Вот перед фон Нейманом Э. Ферми преклонялся. Один из близких друзей Э. Ферми в Америке (скорее инженер, чем физик) рассказал Бруно, что на его вопрос о фон Неймане Ферми ответил: «А как ты думаешь обо мне? Так знай, он настолько же умнее меня, насколько я — тебя». (Бруно сказал, что это не было обидно для рассказывающего, так как они с Ферми были друзьями и разница между ними обоим была хорошо понятна.)
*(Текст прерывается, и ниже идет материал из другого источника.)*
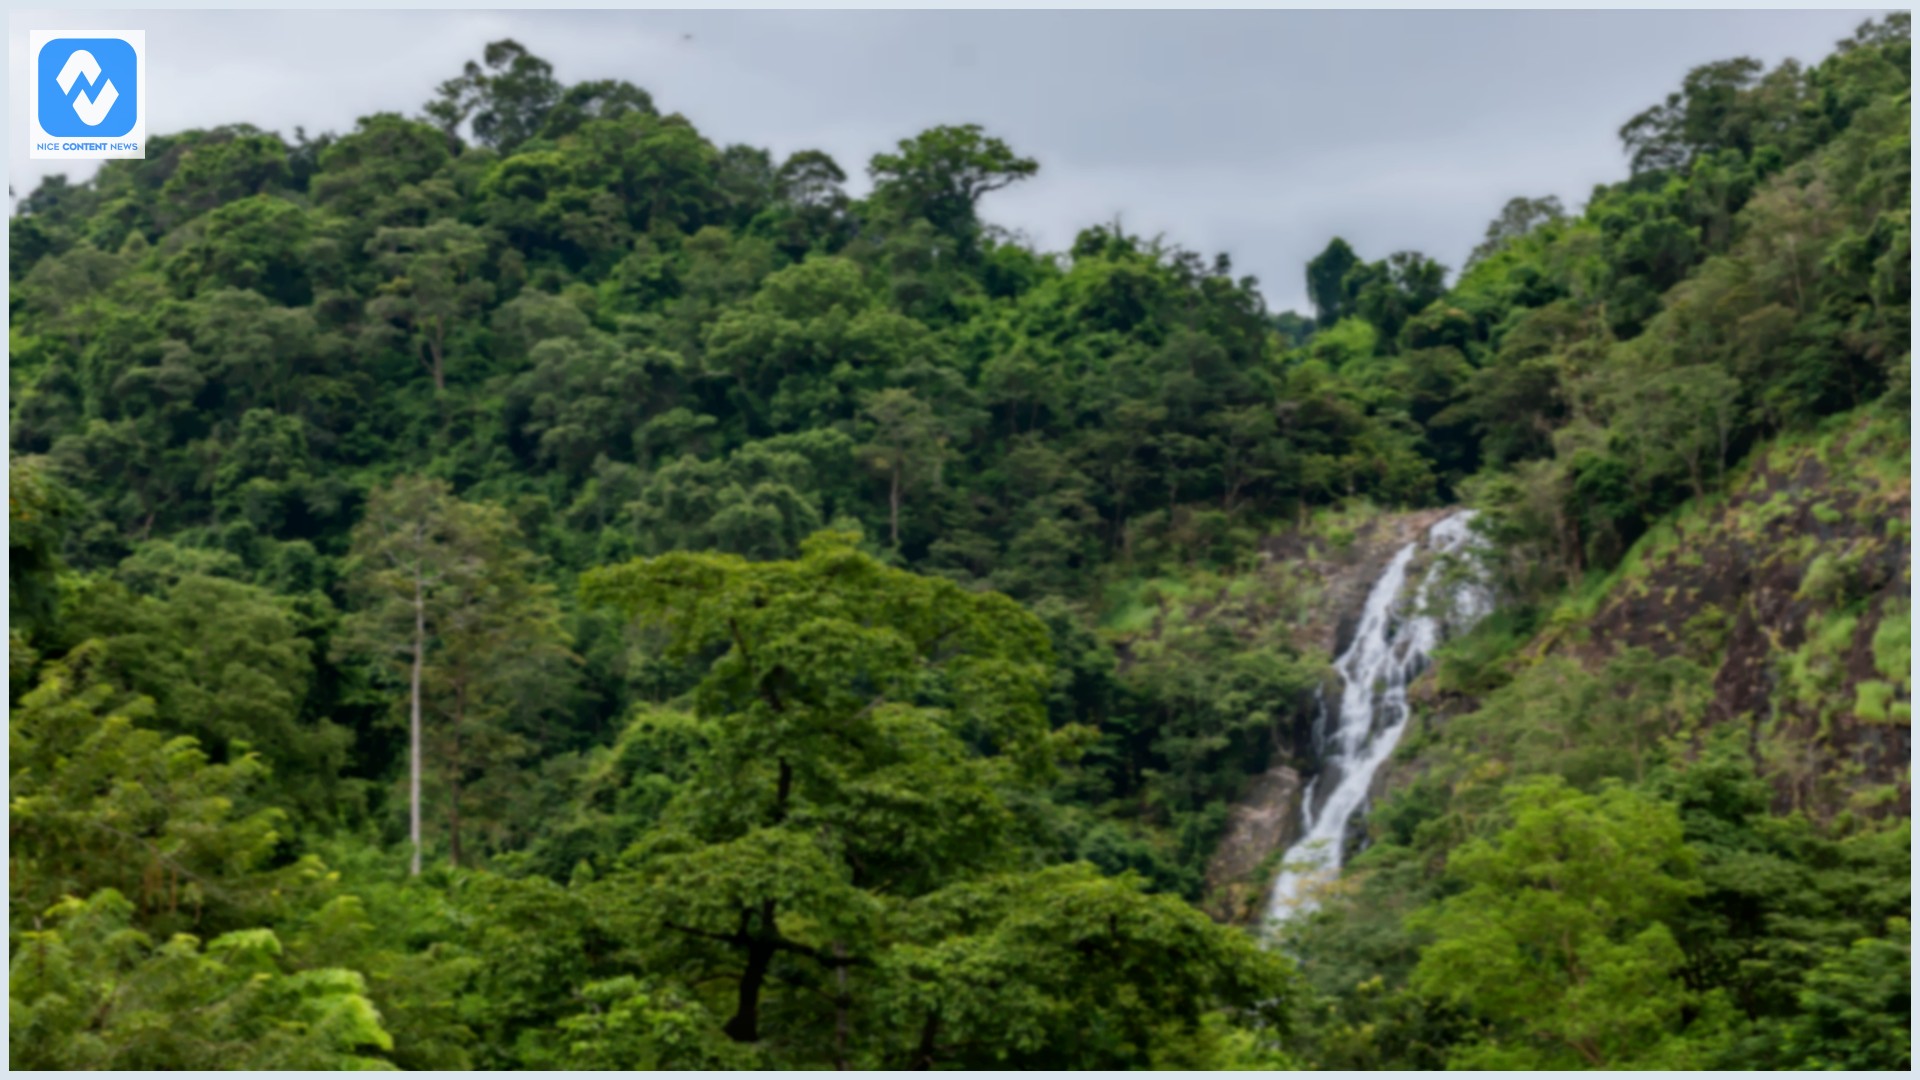 Cachoeiras brasileiras: conheça as 7 mais bonitas

Другой интересный эпизод был связан с самим Бруно. Он начал свою работу в лаборатории Ферми с исследований по классической спектроскопии, но интересы его, конечно, были устремлены к ядерной физике. «Однажды я спросил Ферми, — рассказывал Бруно, — нельзя ли попытаться наблюдать резонансное рассеяние γ-квантов в ядерных переходах? Ферми задумался, ушел в другую комнату и, вернувшись минут через десять, сказал, что нельзя, так как существует отдача ядра». Я тогда пошутил: «Жаль, что Ферми пробыл в другой комнате так недолго. Ведь он занимался до этого молекулами и кристаллами и даже написал на эту тему монографию. Подумай он дольше, он мог бы додуматься и до эффекта Мессбауэра. Вот была бы еще одна работа, достойная Нобелевской премии». Мы несколько раз обсуждали с Бруно вопрос, сколько работ Э. Ферми могли бы быть достойны Нобелевской премии, и насчитали пять или шесть.